A) Good results are obtained with resins. However, it is necessary to appropriately select the ion implantation conditions and the development conditions depending on the type of resist.

FIG. 5 is a diagram showing an example of the results obtained by carrying out the present invention, in which the vertical axis indicates the film reduction rate [μm / min],
The horizontal axis shows the dose of the irradiated ions. The film reduction rate is the film thickness that decreases per unit time.

In the figure, the broken line shows the case of etching with O ₂ plasma, and the solid line shows the case of irradiating with ultraviolet rays for etching.

As can be seen from the figure, in O ₂ plasma, the selectivity ratio due to ion irradiation is hardly obtained.

However, when ultraviolet rays are irradiated, a sufficient selection ratio can be obtained when the dose of ions is 10 ¹⁴ or more in dose amount.

Advantageous Effects of Invention In the pattern forming method according to the present invention, a step of forming a positive resist film on a substrate, and then the positive resist film is selectively irradiated with a boron ion beam to form the positive resist film.
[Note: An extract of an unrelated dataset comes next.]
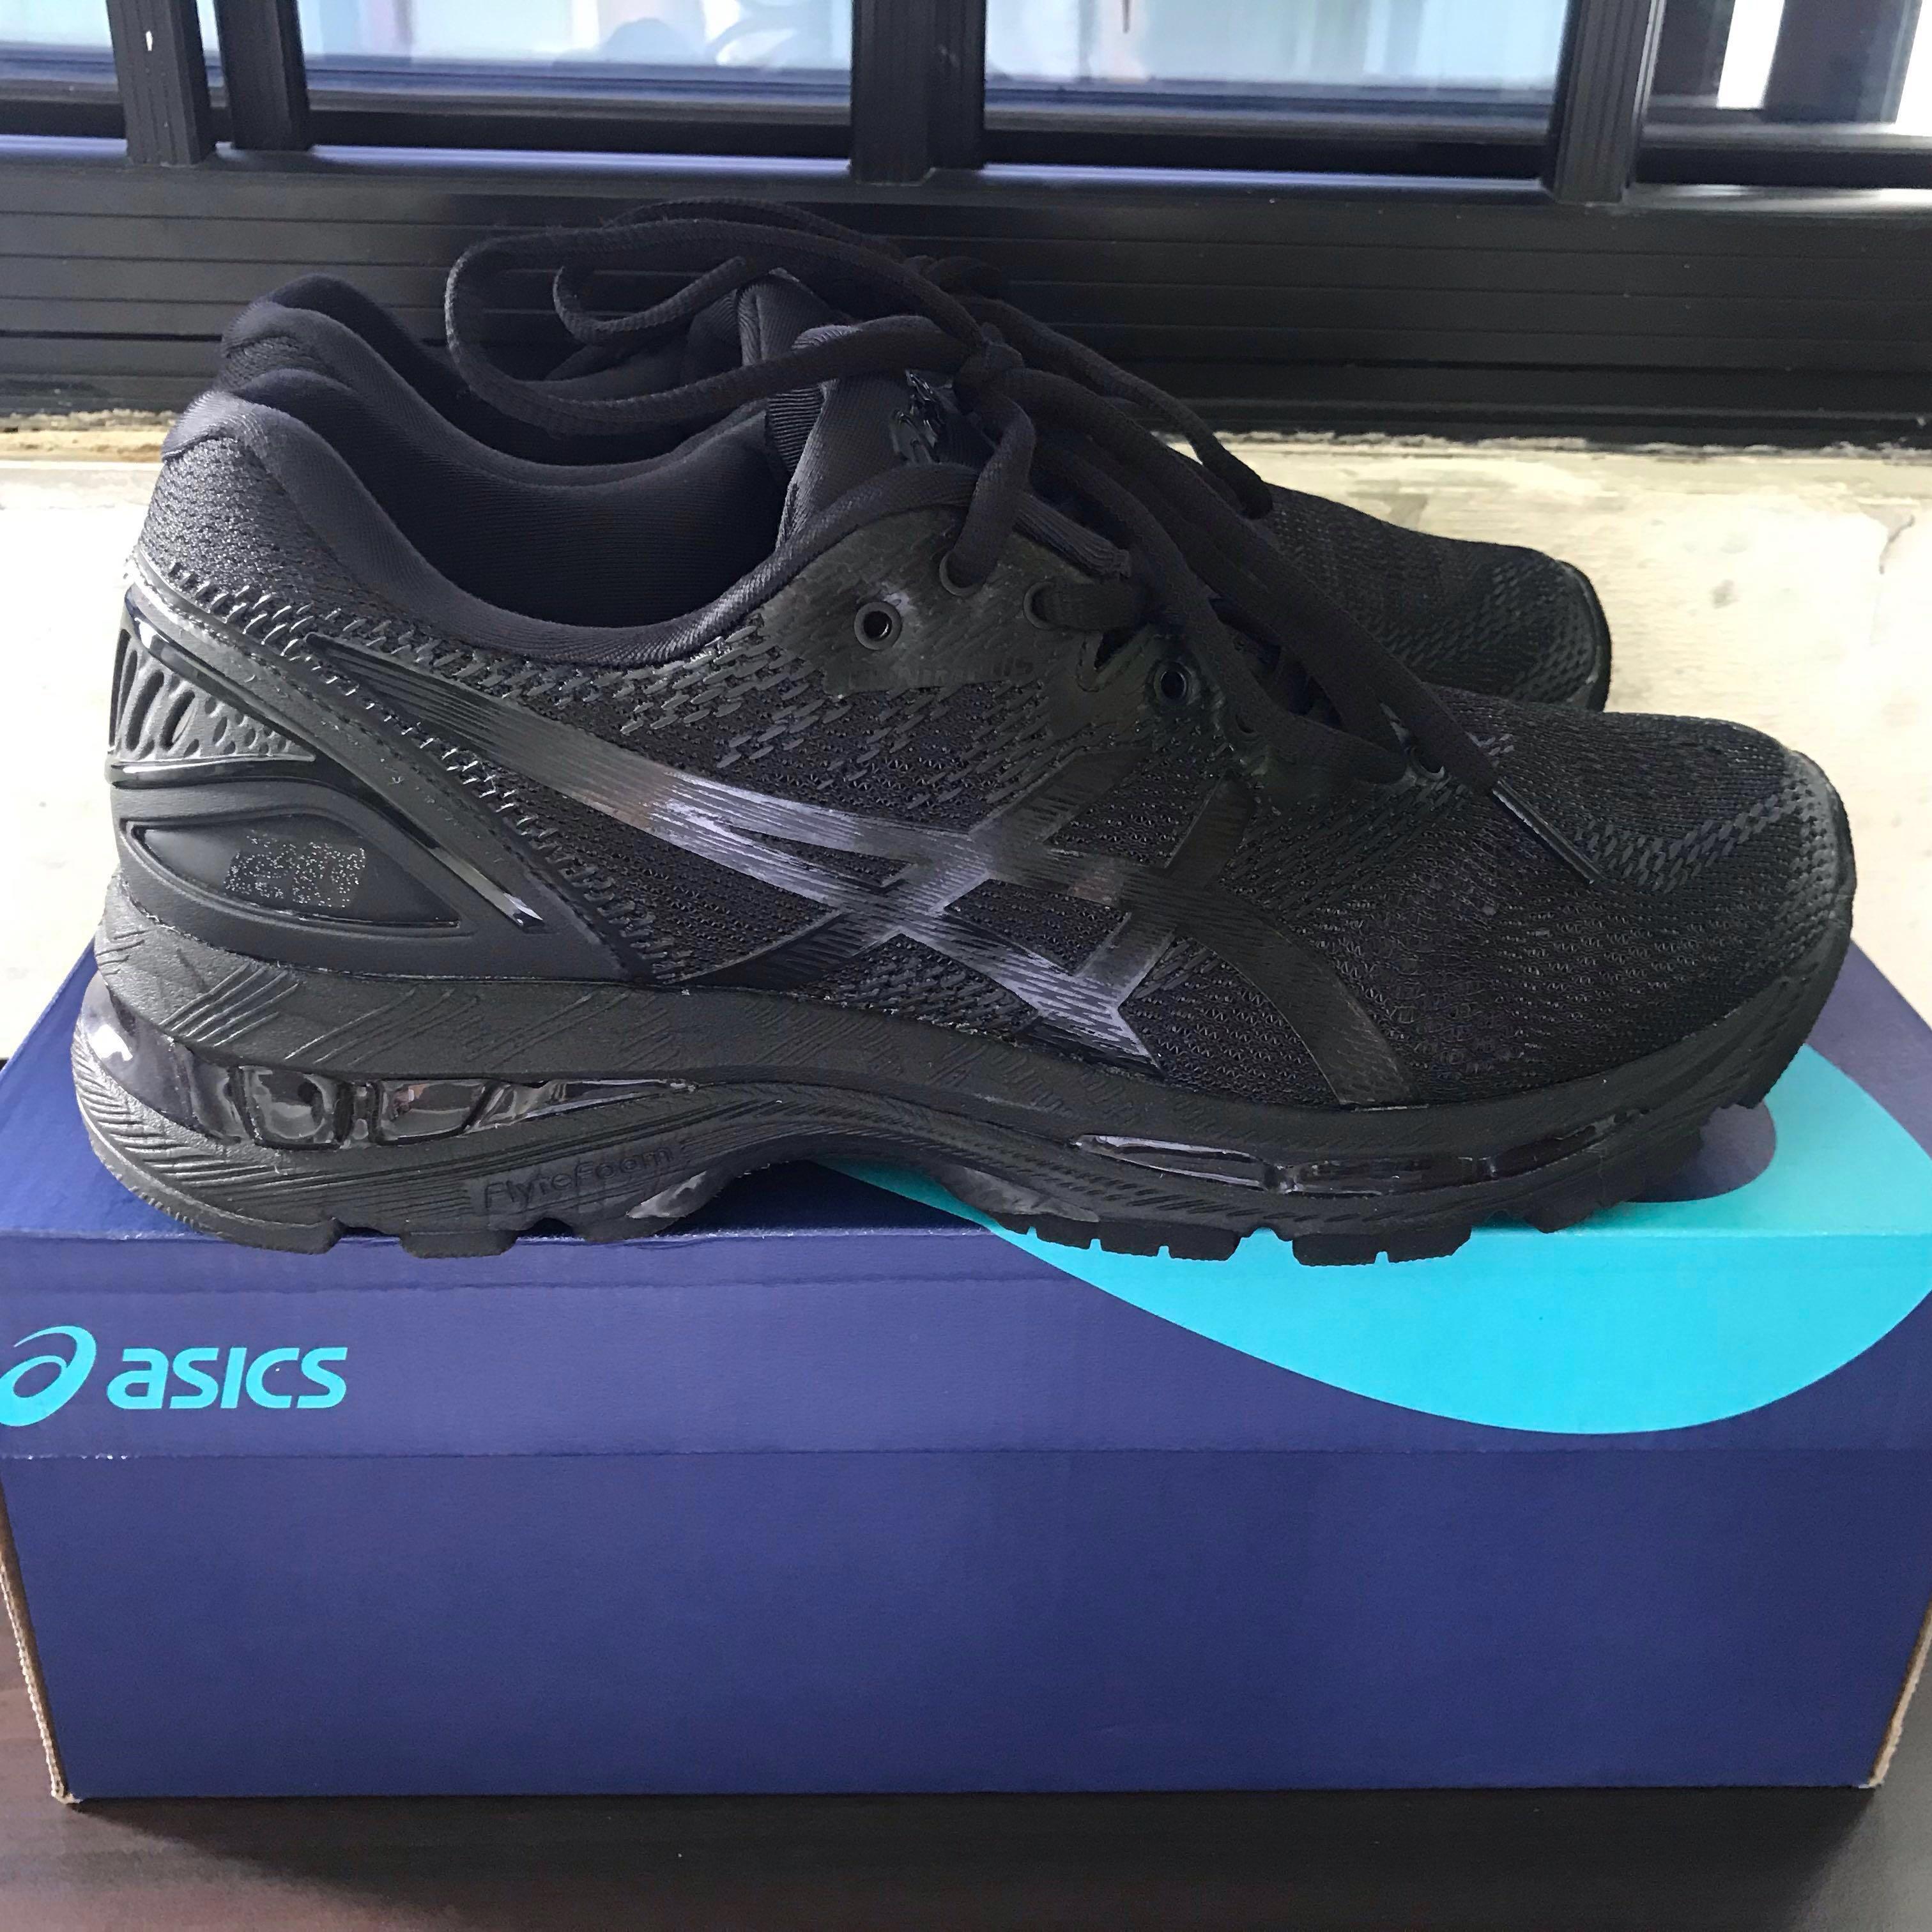 all black asics running shoes,Free

A step of forming an impurity-containing region in the resist film, and then irradiating ultraviolet rays in a state where the entire positive-type resist film is placed in an oxygen atmosphere to generate radicals, thereby generating a positive-type resist film in the impurity-containing region. Of the positive type resist film remaining on the
A step of etching and removing, a step of dry etching the underlayer using the positive type resist film in the impurity-containing region as a mask, and a step of arranging the positive type resist film in the impurity-containing region in an oxygen plasma atmosphere. In a dry state that removes substantially all of the positive resist film in the impurity-containing region without irradiating with ultraviolet light.
Etching is included.

By adopting the above configuration, it becomes possible to completely dry the pattern formation in the case of manufacturing a semiconductor device, which is suitable for forming a fine pattern in a highly integrated semiconductor device.
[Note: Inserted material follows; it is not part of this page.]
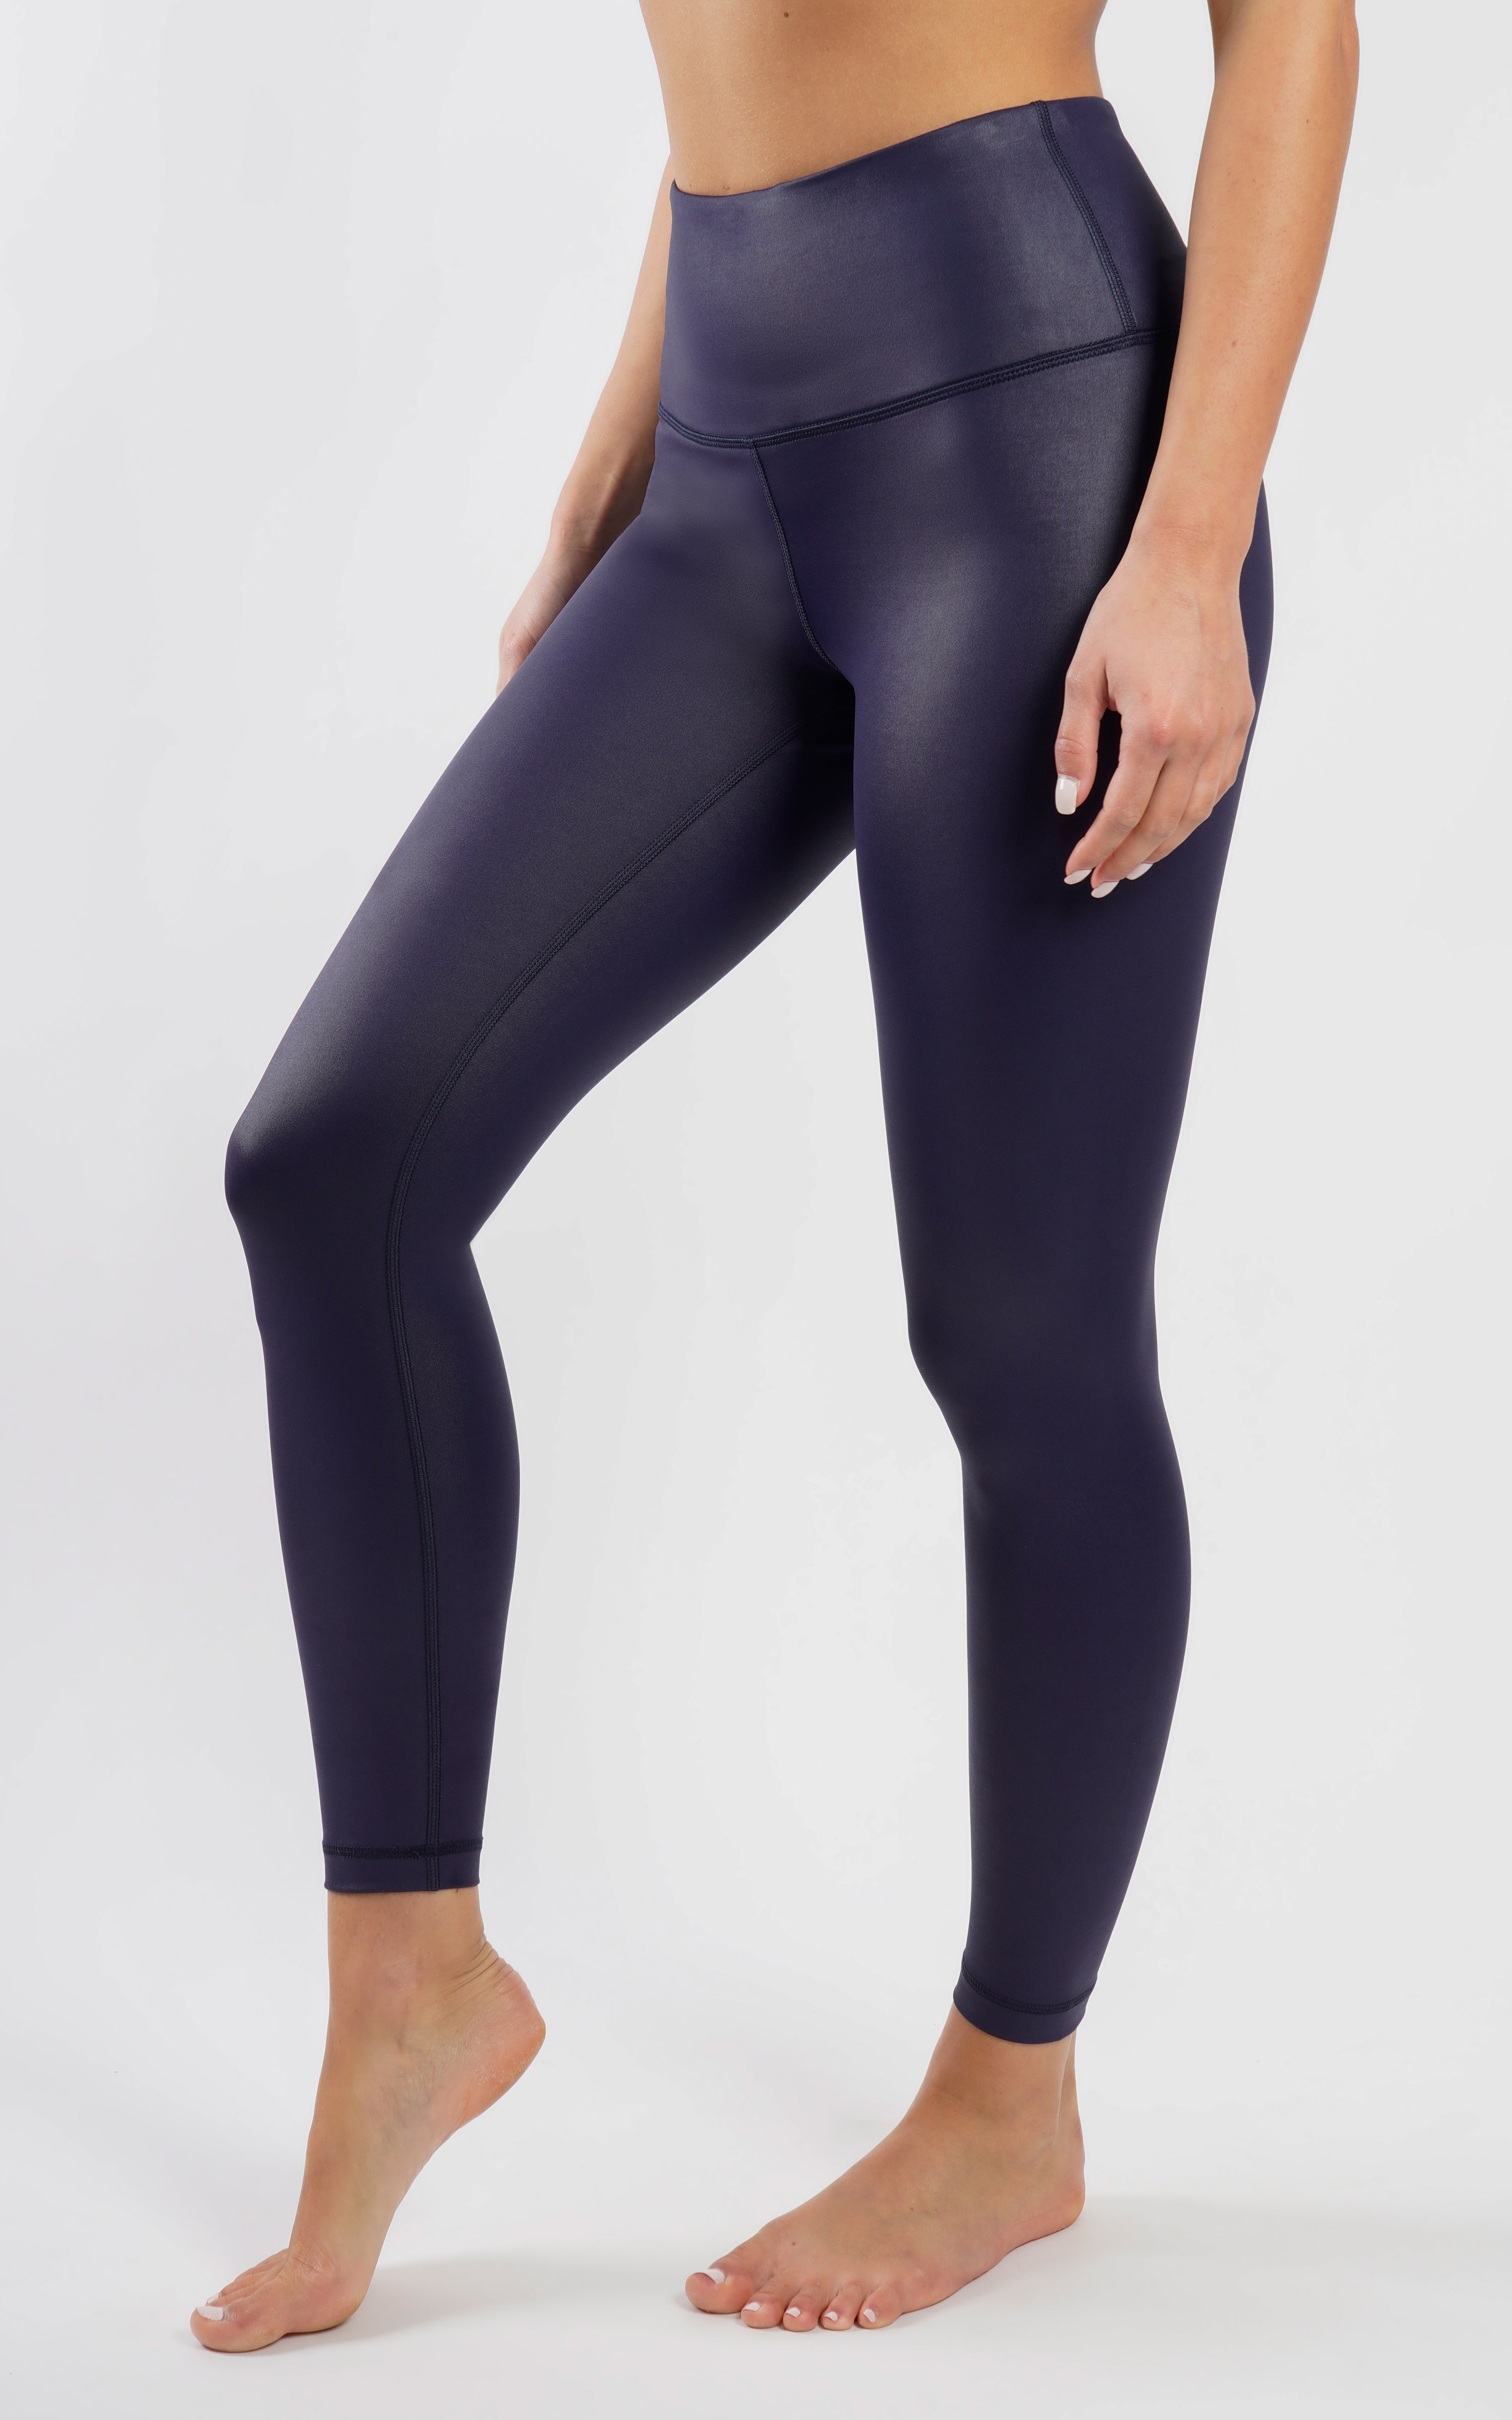 You Chill Shine High-Waisted Leggings

In addition, the pattern forming method of the present invention has a remarkable effect that the substrate is less damaged or contaminated as compared with the conventional techniques using plasma and ions that have been implemented so far.
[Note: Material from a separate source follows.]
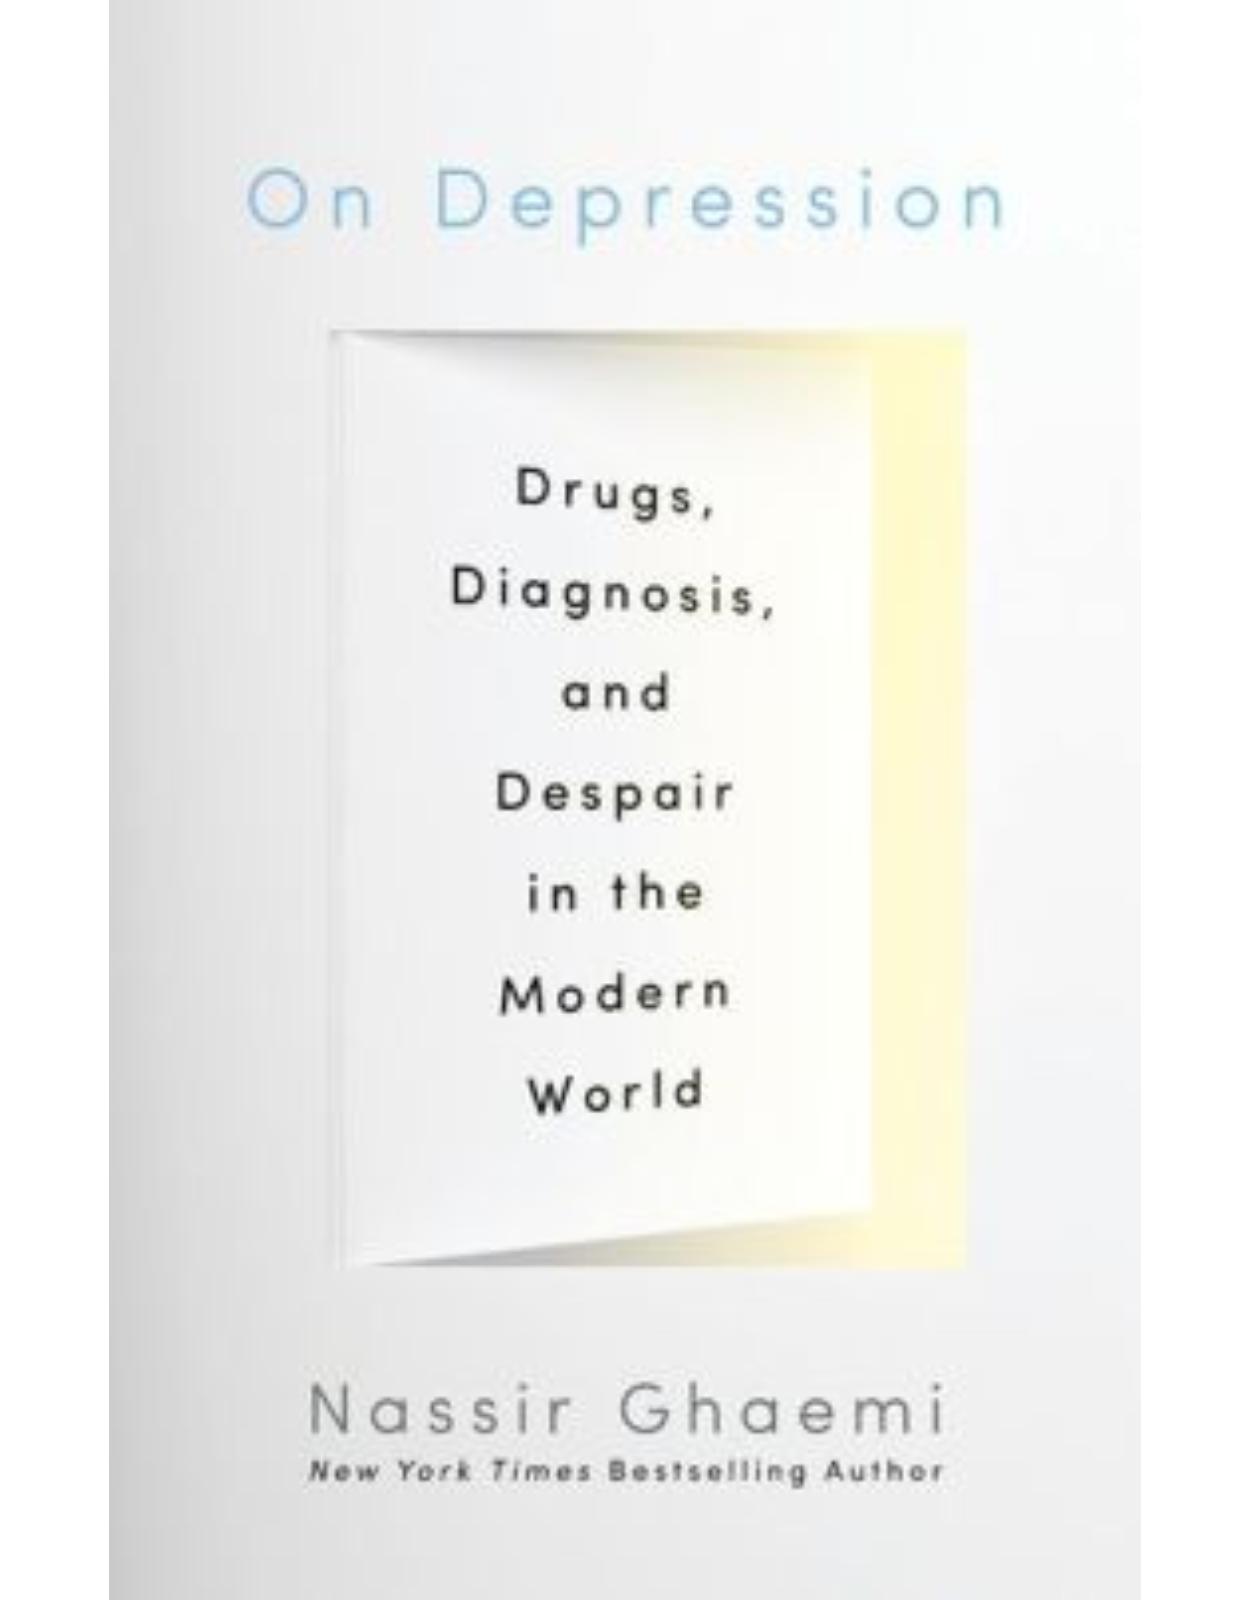 On Depression. Drugs, Diagnosis, and Despair in the Modern World

[Brief description of drawings]

1 to 4 are side views of a semiconductor device in a main part cut in a process step for explaining an embodiment of the present invention, and FIG. 5 is a film reduction counterion for explaining an effect of the present invention. It is a diagram regarding irradiation amount. In the figure, 1 is a silicon semiconductor substrate, 2 is a resist film, 3 is a B ⁺ beam, 4 is an ion implantation region, and 5 is ultraviolet rays.

─────────────────────────────────────────────────── ─── Continuation of front page (51) Int.Cl. ⁶ Identification number Internal reference number FI Technical indication 21/302 H (56) Reference JP-A-58-77230 (JP, A) JP-A-56- 167330 (JP, A) JP 58-4930 (JP, A) JP 55-98828 (JP, A) JP 44-18981 (JP, B1) JP 41-1085 (JP, B1)

Claims (1)

[Claims] 1. A step of forming a positive resist film on a substrate, and a step of selectively irradiating the positive resist film with a boron ion beam to form an impurity-containing region in the positive resist film. Then, radicals are generated by irradiating with ultraviolet rays in a state where the entire positive resist film is placed in an oxygen atmosphere, leaving the positive resist film in the impurity-containing region and leaving the positive resist in the other portions. A step of dry-etching and removing the resist film; a step of dry-etching the underlayer using the positive-type resist film in the impurity-containing region as a mask; and a step of removing the positive-type resist film in the impurity-containing region with oxygen. In a state of being placed in a plasma atmosphere, the positive resist film in the impurity-containing region is substantially completely removed without being irradiated with ultraviolet light. And a step of performing line etching, which is included in the pattern forming method.